┌────────

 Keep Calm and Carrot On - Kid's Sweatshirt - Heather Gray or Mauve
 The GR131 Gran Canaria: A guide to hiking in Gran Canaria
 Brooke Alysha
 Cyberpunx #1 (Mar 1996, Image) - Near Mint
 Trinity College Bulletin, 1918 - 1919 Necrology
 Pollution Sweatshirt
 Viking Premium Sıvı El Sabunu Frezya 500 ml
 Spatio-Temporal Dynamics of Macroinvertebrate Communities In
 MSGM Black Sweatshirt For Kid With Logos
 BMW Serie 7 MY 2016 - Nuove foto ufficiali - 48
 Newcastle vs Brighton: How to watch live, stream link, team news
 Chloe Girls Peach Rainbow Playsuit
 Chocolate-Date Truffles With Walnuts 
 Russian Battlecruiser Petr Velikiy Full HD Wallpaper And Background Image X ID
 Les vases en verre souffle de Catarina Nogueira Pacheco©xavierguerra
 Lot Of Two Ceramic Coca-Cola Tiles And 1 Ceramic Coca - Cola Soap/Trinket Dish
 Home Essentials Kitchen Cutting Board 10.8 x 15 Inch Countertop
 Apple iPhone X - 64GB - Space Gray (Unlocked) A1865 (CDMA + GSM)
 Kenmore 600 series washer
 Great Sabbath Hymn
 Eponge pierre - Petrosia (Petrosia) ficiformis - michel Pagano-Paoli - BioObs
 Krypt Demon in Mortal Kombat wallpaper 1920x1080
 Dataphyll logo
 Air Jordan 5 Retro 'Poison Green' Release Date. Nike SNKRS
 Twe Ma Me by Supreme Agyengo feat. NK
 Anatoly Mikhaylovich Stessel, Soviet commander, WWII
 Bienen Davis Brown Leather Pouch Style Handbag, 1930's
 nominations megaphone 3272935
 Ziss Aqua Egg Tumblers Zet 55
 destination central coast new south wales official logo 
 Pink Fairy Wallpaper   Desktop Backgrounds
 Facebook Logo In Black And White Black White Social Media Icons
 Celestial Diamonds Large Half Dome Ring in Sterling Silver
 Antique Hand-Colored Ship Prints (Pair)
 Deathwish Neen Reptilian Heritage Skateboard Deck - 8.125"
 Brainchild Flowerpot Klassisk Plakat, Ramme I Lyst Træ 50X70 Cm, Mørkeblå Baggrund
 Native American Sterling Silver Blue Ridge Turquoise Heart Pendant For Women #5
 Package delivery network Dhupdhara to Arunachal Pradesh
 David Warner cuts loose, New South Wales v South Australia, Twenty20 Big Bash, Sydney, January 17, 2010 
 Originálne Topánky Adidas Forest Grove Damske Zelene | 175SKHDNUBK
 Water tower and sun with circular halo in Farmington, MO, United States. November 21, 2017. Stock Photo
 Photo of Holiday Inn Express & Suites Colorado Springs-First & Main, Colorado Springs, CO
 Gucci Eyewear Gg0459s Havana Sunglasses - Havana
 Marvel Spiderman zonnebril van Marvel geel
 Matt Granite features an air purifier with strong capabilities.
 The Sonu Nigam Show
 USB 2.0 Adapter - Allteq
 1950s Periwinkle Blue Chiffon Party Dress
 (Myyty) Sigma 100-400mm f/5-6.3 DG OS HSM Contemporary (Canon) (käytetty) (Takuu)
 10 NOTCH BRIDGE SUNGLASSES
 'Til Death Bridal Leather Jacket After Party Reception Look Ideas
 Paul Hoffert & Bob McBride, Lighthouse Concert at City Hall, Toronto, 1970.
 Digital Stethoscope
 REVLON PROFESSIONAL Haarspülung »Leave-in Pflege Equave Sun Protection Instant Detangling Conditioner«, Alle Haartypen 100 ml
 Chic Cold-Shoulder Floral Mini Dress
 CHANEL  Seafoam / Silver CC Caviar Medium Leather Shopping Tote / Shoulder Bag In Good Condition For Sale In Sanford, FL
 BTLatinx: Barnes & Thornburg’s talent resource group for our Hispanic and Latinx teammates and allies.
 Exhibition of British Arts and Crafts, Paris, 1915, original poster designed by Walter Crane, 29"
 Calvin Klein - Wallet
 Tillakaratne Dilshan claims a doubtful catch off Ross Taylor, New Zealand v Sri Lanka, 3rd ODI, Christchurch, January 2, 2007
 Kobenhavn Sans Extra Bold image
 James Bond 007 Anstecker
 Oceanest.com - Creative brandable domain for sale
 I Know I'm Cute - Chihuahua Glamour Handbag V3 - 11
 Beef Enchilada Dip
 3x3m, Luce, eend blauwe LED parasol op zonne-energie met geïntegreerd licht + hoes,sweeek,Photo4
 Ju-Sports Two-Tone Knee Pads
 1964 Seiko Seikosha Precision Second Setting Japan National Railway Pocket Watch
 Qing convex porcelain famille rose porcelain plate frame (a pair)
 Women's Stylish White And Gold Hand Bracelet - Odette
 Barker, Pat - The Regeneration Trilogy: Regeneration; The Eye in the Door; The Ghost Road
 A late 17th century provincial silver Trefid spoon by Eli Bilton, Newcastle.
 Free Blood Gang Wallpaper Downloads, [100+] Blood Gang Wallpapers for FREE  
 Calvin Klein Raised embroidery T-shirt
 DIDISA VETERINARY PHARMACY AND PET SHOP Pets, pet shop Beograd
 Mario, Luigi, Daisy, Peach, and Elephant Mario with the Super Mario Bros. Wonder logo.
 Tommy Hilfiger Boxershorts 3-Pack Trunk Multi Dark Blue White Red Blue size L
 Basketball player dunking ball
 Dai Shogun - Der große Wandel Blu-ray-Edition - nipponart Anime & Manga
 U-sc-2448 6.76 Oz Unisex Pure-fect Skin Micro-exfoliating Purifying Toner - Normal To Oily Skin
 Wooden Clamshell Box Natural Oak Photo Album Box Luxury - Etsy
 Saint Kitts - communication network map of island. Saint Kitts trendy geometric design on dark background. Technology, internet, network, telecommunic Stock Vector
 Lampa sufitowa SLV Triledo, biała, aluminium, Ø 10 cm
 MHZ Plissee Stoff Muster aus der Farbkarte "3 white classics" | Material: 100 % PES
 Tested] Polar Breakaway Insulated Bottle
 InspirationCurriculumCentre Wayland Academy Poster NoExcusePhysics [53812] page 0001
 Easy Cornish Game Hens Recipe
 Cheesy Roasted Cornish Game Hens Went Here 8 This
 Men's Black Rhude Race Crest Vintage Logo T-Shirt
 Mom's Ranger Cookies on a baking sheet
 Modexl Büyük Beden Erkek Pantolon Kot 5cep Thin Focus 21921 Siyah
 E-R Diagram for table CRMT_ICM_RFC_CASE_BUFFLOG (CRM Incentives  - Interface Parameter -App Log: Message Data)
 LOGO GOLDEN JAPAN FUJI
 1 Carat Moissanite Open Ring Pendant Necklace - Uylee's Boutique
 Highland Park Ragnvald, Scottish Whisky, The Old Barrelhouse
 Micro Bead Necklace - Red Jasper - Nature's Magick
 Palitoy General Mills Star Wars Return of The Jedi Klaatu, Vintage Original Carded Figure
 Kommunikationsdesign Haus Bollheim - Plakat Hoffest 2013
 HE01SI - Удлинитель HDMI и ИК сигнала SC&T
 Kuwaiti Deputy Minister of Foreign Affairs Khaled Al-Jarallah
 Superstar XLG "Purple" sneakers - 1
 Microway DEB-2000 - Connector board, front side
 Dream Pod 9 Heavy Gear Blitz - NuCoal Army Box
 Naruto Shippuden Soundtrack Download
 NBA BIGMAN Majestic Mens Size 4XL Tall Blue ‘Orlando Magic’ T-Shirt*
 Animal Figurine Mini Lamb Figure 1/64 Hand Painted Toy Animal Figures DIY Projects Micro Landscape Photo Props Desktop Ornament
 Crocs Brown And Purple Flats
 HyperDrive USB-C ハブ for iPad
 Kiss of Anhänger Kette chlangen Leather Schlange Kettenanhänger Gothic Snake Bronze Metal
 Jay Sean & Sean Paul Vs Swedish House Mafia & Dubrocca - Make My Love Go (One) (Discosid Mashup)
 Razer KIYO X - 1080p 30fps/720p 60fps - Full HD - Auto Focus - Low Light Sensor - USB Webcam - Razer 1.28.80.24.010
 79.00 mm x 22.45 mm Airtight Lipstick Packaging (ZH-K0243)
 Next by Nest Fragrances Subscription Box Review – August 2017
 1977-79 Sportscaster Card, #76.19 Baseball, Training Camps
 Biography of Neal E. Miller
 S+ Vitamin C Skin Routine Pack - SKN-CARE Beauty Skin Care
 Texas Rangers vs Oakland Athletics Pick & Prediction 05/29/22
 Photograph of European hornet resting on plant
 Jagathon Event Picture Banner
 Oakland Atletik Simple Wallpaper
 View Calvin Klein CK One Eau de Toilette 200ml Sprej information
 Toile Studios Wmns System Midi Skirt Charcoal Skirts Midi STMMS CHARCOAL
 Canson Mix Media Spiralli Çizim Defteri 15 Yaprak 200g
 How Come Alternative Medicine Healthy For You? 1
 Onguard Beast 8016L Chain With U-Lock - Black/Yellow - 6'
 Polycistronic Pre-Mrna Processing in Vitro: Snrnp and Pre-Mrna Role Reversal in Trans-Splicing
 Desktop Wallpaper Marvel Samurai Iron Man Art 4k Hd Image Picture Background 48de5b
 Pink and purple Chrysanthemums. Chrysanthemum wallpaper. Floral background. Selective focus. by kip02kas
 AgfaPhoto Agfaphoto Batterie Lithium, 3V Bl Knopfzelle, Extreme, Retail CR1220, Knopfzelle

└────────

__WHAT NEEDS TO BE DONE__.
The answer must be the lines from the one containing "Desktop Wallpaper Marvel" through the last line of the records, written out exactly; please include nothing more.

__RESPONSE TO THE TASK__.
 Desktop Wallpaper Marvel Samurai Iron Man Art 4k Hd Image Picture Background 48de5b
 Pink and purple Chrysanthemums. Chrysanthemum wallpaper. Floral background. Selective focus. by kip02kas
 AgfaPhoto Agfaphoto Batterie Lithium, 3V Bl Knopfzelle, Extreme, Retail CR1220, Knopfzelle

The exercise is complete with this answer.